Zermelo navigation problem, example 1
\[ \left\{ \begin{array}{l} \displaystyle \min - x_1(8), \\[0.5em] \dot{x}_1(t) = x_2(t) + \cos(u(t)), \; \text{for a.e. } t\in [0,8],\\[0.5em] \dot{x}_2(t) = \sin(u(t)), \; \text{for a.e. } t\in [0,8], \\[0.5em] u(t) \in [-\frac{\pi}{2}, \frac{\pi}{2}], \; \text{for a.e. } t\in [0,8], \\[0.5em] x(0) = 0_{\mathbb{R}^2}, \quad x_2(8) = 4,\\[0.5em] \{x \in \mathbb{R}^2 \mid 0.5 < x_2 < 3.5 \} \text{ is a loss control region.} \end{array} \right.\]
Reformulation for the direct method
\[ \left\{ \begin{array}{l} \displaystyle \min - x_1(8) + \epsilon\int_0^8 v^2(t)dt + \int_0^8 f_{NC}(x(t))u^2(t)dt, \\[0.5em] \dot{x}_1(t) = f_{C}(x(t))(x_2(t) + \cos(u(t))) + f_{NC}(x_2(t) + \cos(\lambda(t))), \; \text{for a.e. } t\in [0,8],\\[0.5em] \dot{x}_2(t) = f_{C}(x(t))\sin(u(t)) + f_{NC}(x(t))\sin(\lambda(t)), \; \text{for a.e. } t\in [0,8], \\[0.5em] \dot{\lambda}(t) = f_{C}(x(t))v^2(t), \; \text{for a.e. } t\in [0,8], \\[0.5em] u(t) \in [-\frac{\pi}{2}, \frac{\pi}{2}], \; \text{for a.e. } t\in [0,8], \\[0.5em] x(0) = 0_{\mathbb{R}^2}, \quad x_2(8) = 4,\\[0.5em] \{x \in \mathbb{R}^2 \mid 0.5 < x_2 < 3.5 \} \text{ is a loss control region.} \end{array} \right.\]
using Plots
using Plots.PlotMeasures
using OptimalControl
using NLPModelsIpopt
include("smooth.jl")
fNC(x) = fNC_bounded(x, [(0.5, 3.5)], 0.01)

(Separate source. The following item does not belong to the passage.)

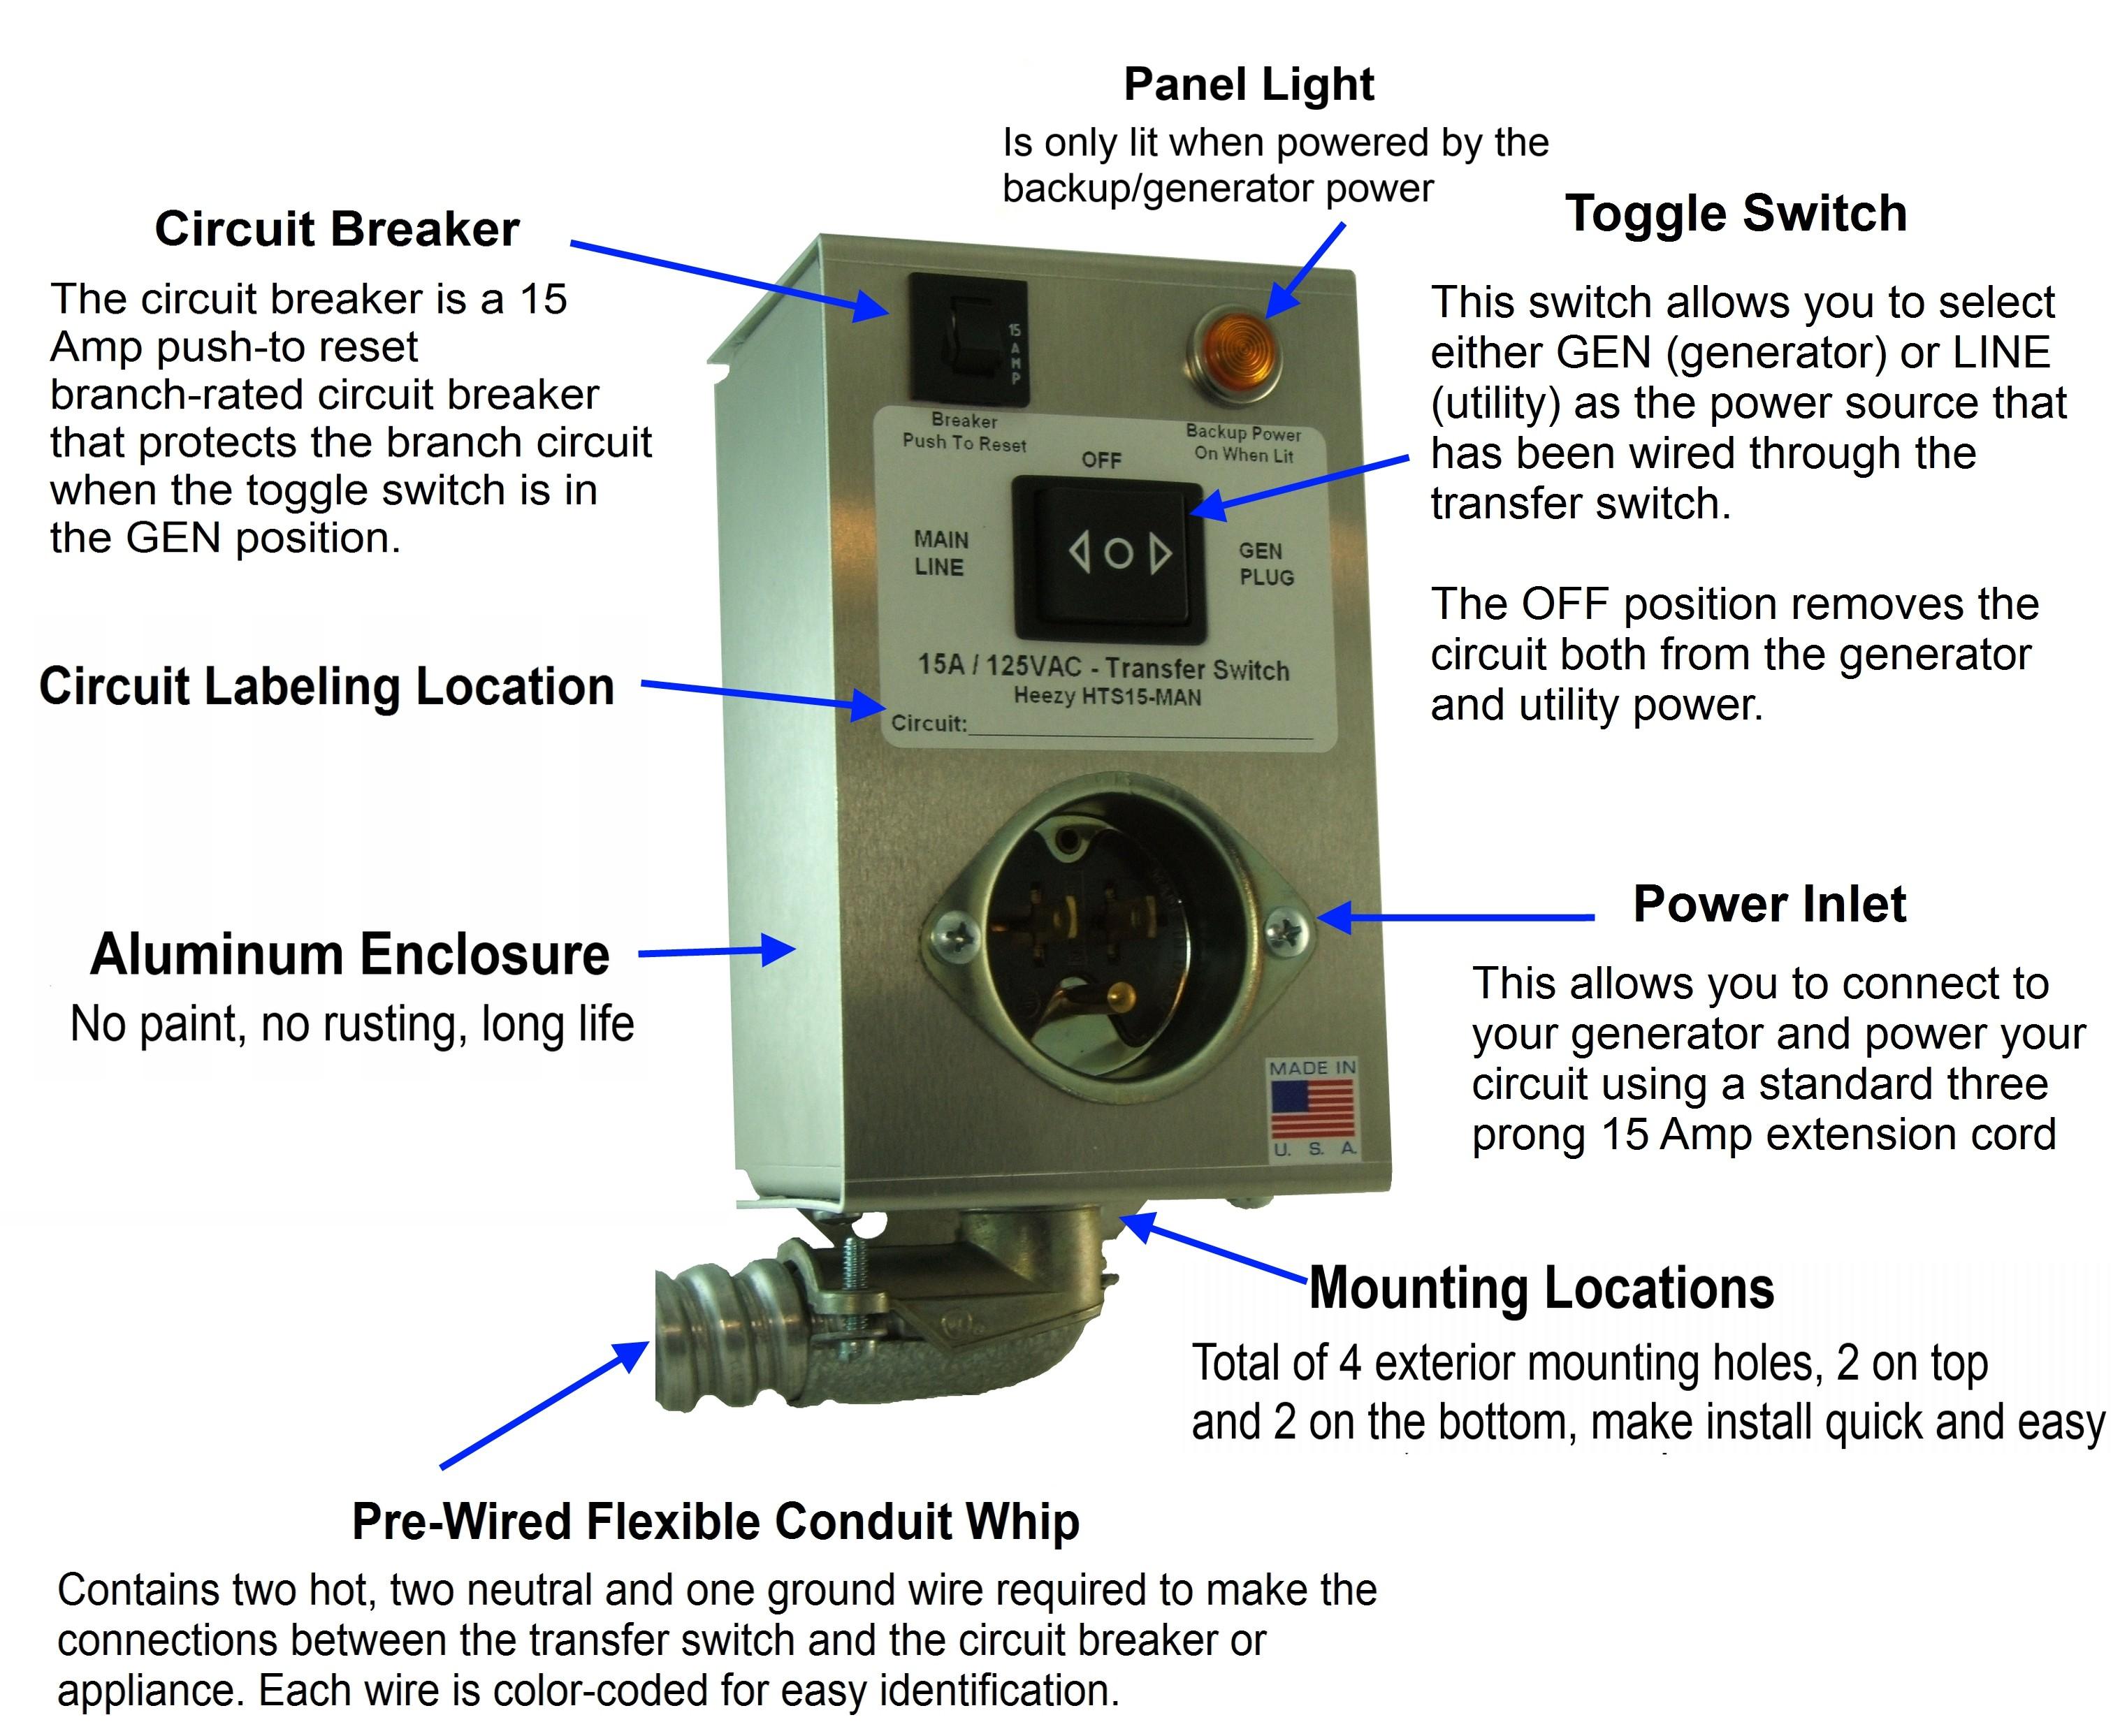 Manual Generator Transfer Switch Wiring Diagram Manual Generator Transfer Switch Wiring Diagram Of Manual Generator Transfer Switch Wiring Diagram

plot(fNC, 0, 5, label="fNC")
ε = 1e-3
tf = 8
ocp = @def begin
t ∈ [ 0, tf ], time
q = [ x1, x2, λ ] ∈ R^3, state
ω = [u, v] ∈ R^2, control
x1(0) == 0
x2(0) == 0
x2(tf) == 4
-π/2 ≤ u(t) ≤ π/2
-π/2 ≤ λ(t) ≤ π/2
q̇(t) == [fNC(x2(t))*(x2(t) + cos(λ(t))) + (1-fNC(x2(t)))*(x2(t) + cos(u(t))),
fNC(x2(t))*sin(λ(t)) +(1-fNC(x2(t)))*sin(u(t)),
(1-fNC(x2(t)))*v(t)]
-x1(tf) + ∫(ε*(v(t))^2+fNC(x2(t))*(u(t))^2) → min
end
N = 500
sol = solve(ocp; grid_size=N, print_level=4)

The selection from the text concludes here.